The word "Bedroom" may appear in some lines of the data; copy every such line.

━━ Records provided

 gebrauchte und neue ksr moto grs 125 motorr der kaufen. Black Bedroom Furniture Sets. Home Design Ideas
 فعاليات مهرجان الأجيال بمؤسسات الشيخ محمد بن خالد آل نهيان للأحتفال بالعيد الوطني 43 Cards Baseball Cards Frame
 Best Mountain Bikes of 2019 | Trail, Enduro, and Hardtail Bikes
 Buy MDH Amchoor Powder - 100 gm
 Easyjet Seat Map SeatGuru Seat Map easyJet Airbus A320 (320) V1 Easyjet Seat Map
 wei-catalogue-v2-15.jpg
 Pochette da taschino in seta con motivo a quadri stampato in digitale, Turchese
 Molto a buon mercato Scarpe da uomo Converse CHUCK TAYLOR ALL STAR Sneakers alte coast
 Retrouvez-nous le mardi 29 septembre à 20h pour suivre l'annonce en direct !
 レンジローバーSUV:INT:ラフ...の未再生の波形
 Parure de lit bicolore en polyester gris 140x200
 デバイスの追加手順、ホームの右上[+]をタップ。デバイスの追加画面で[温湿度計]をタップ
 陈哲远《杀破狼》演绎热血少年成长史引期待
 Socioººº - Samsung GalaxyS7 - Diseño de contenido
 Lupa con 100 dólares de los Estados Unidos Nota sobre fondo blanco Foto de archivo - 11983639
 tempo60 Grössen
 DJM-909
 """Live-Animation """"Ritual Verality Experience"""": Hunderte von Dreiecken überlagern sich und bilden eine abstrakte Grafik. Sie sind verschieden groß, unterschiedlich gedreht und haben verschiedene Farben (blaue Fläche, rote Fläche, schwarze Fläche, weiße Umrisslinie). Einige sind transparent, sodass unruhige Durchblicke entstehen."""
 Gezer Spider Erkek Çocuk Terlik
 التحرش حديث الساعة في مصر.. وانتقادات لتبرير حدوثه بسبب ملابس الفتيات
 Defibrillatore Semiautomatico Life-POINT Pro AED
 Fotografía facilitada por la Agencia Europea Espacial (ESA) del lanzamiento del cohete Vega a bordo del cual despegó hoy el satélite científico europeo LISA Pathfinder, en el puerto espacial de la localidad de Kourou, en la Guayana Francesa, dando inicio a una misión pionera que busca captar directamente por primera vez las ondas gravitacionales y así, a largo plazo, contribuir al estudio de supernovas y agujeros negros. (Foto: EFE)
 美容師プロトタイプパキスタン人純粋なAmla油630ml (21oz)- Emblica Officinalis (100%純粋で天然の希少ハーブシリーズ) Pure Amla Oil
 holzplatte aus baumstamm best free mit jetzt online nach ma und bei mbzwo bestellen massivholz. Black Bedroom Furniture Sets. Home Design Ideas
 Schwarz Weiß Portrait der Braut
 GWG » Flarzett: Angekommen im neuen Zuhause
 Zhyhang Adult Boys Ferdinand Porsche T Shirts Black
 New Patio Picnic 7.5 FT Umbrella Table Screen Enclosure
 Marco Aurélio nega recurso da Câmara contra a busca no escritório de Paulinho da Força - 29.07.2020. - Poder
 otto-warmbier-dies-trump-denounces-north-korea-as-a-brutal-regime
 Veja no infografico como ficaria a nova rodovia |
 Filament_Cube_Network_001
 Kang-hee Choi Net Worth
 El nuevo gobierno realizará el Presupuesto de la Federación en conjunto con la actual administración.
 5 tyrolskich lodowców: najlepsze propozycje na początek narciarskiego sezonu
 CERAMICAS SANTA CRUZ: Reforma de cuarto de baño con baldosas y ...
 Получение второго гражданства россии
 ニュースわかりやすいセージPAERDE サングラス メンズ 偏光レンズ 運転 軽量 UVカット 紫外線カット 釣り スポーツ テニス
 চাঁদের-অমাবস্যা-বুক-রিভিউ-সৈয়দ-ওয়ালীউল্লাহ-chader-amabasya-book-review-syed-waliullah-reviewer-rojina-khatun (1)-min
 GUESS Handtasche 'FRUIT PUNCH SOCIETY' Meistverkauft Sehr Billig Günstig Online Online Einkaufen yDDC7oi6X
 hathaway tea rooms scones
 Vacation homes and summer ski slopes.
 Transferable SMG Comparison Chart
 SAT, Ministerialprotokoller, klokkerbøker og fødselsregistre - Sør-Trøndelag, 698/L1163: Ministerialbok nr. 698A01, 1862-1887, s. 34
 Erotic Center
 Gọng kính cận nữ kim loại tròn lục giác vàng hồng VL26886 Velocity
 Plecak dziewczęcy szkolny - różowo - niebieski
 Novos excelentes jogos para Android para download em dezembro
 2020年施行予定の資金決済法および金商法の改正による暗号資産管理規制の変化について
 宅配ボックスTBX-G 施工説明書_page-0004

━━━━

Response below:
 gebrauchte und neue ksr moto grs 125 motorr der kaufen. Black Bedroom Furniture Sets. Home Design Ideas
 holzplatte aus baumstamm best free mit jetzt online nach ma und bei mbzwo bestellen massivholz. Black Bedroom Furniture Sets. Home Design Ideas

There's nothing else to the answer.